#### [WHAT NEEDS TO BE DONE]
Restate word for word the section of the entries that opens at the line containing "The Complete Guide to Choosing the" and closes at the line containing "Perfect Kitchen Island Stools", both lines kept, pictures dropped.
** Opening AVAILABLE RECORDS block **
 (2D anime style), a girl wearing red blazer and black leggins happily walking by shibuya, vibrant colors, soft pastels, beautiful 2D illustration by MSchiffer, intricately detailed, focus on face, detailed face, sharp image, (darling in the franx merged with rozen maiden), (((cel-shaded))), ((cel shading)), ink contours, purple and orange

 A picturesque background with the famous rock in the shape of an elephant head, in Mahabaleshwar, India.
** Closing AVAILABLE RECORDS block **
** Opening AVAILABLE RECORDS block **
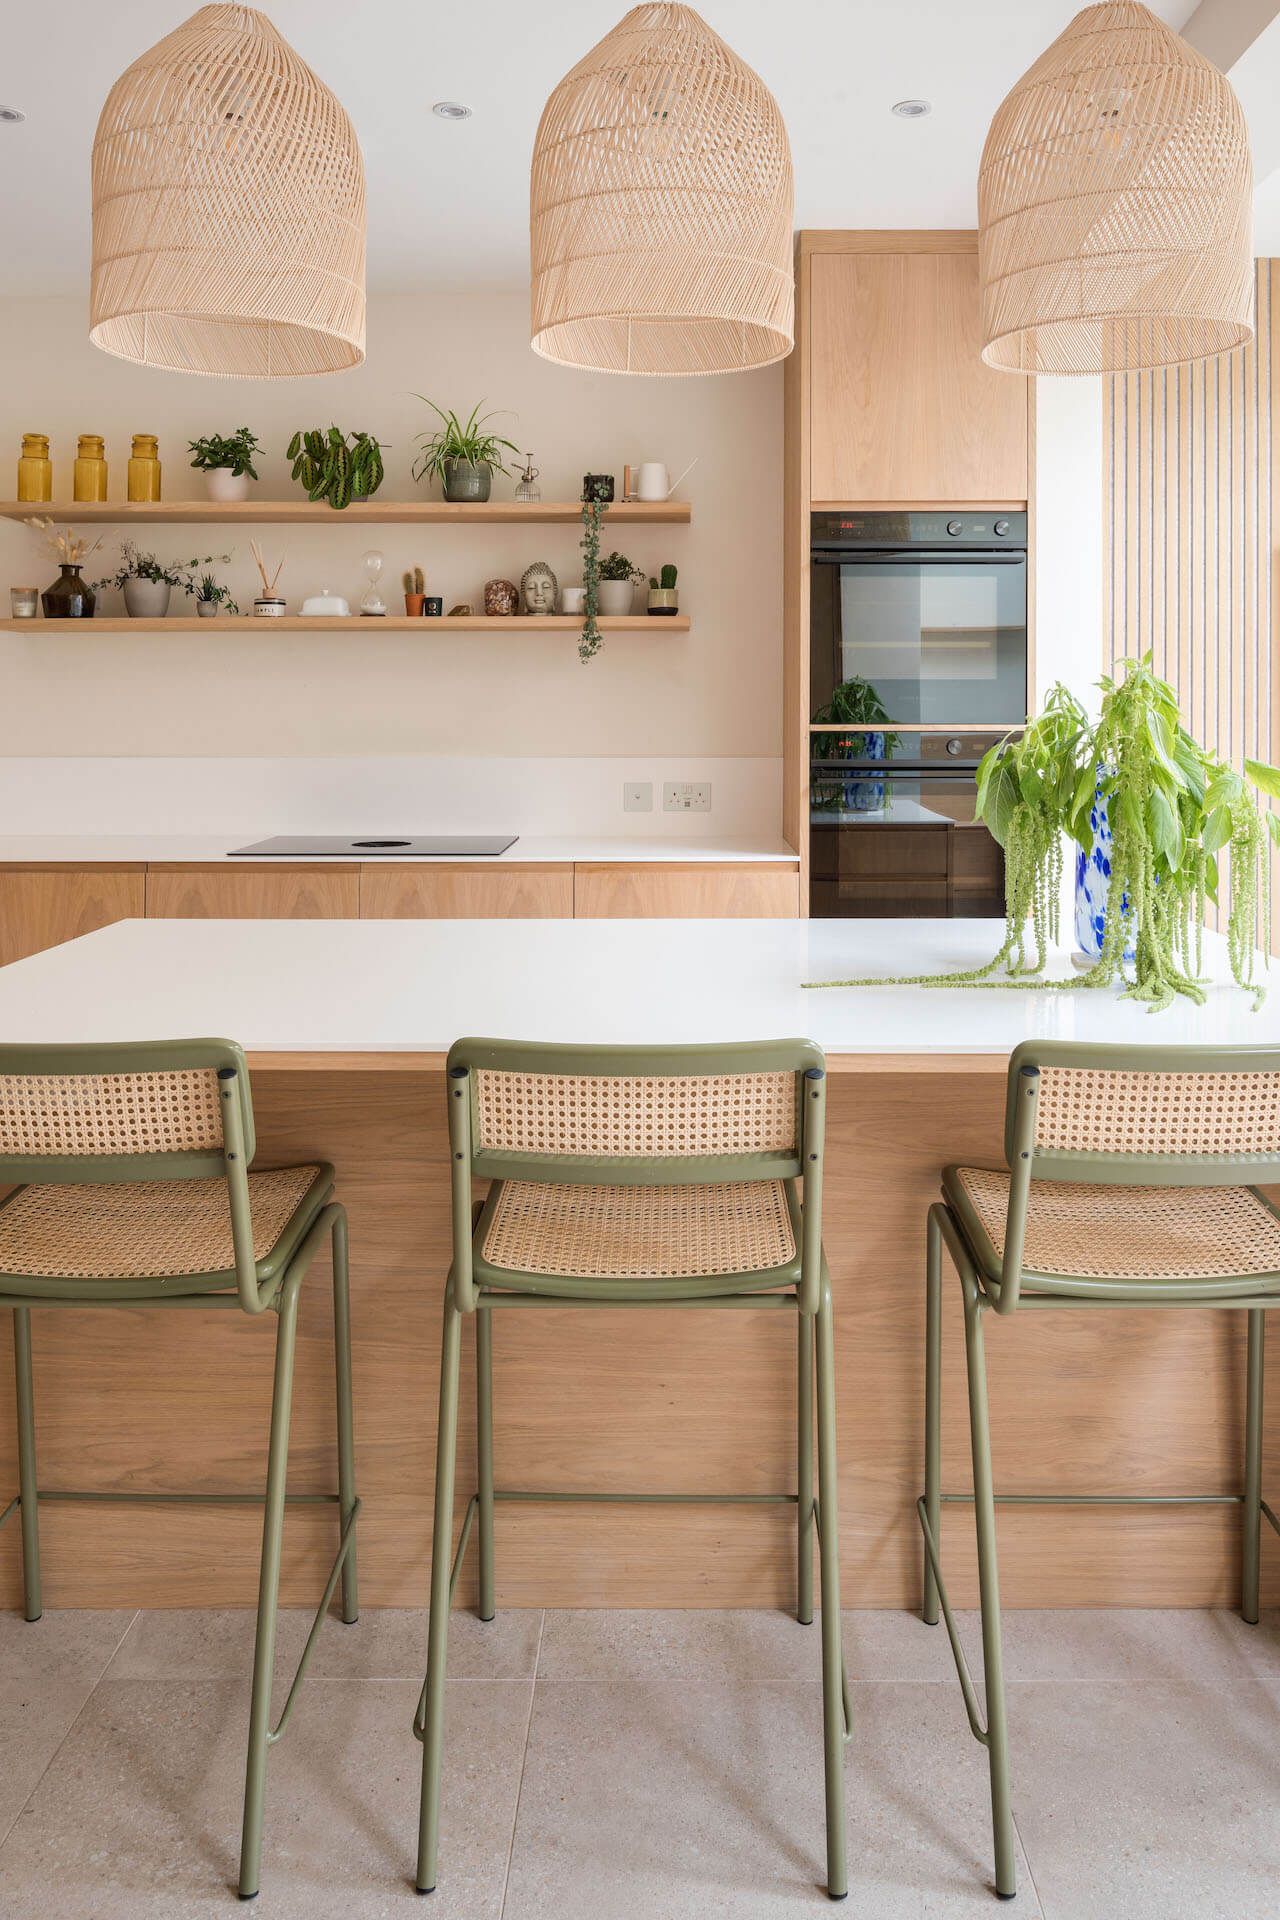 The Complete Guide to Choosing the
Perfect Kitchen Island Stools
** Closing AVAILABLE RECORDS block **
** Opening AVAILABLE RECORDS block **
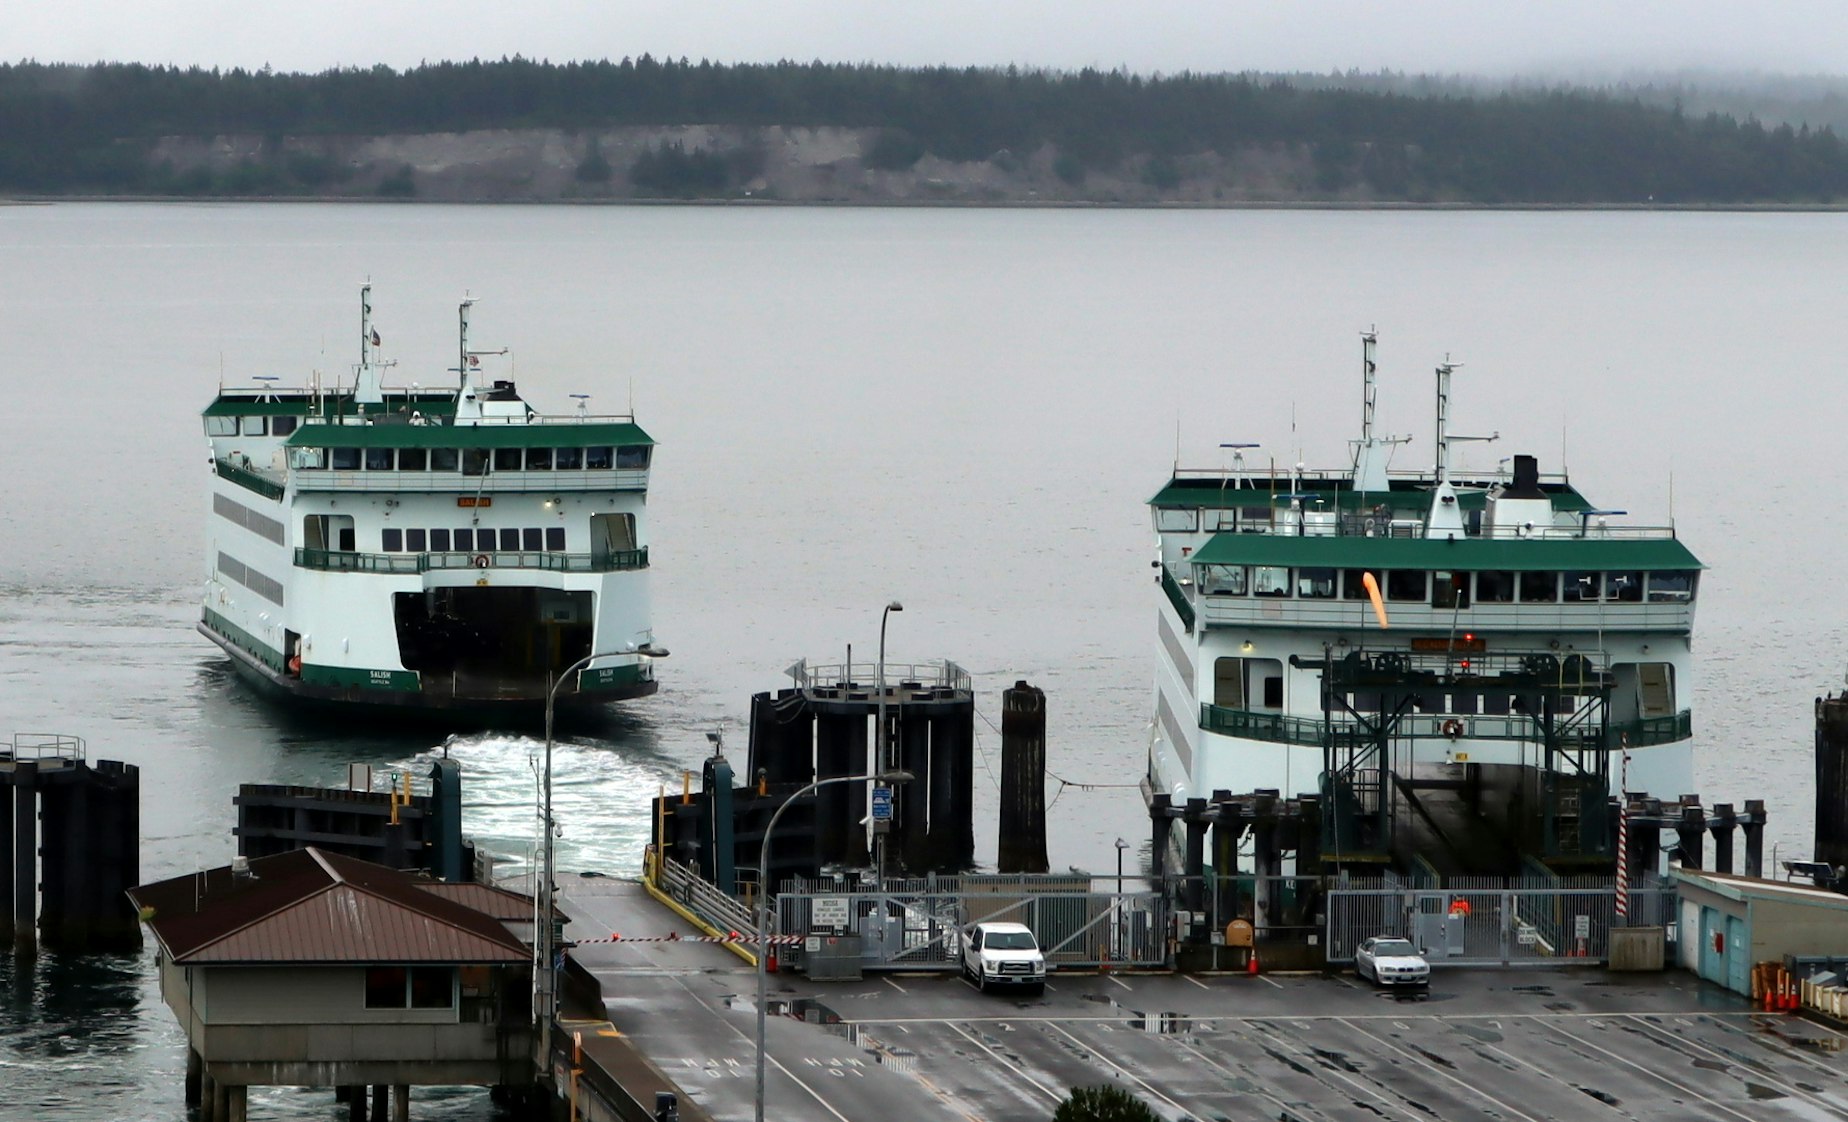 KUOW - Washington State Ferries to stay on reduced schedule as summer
** Closing AVAILABLE RECORDS block **
#### [RESULT]
 The Complete Guide to Choosing the
Perfect Kitchen Island Stools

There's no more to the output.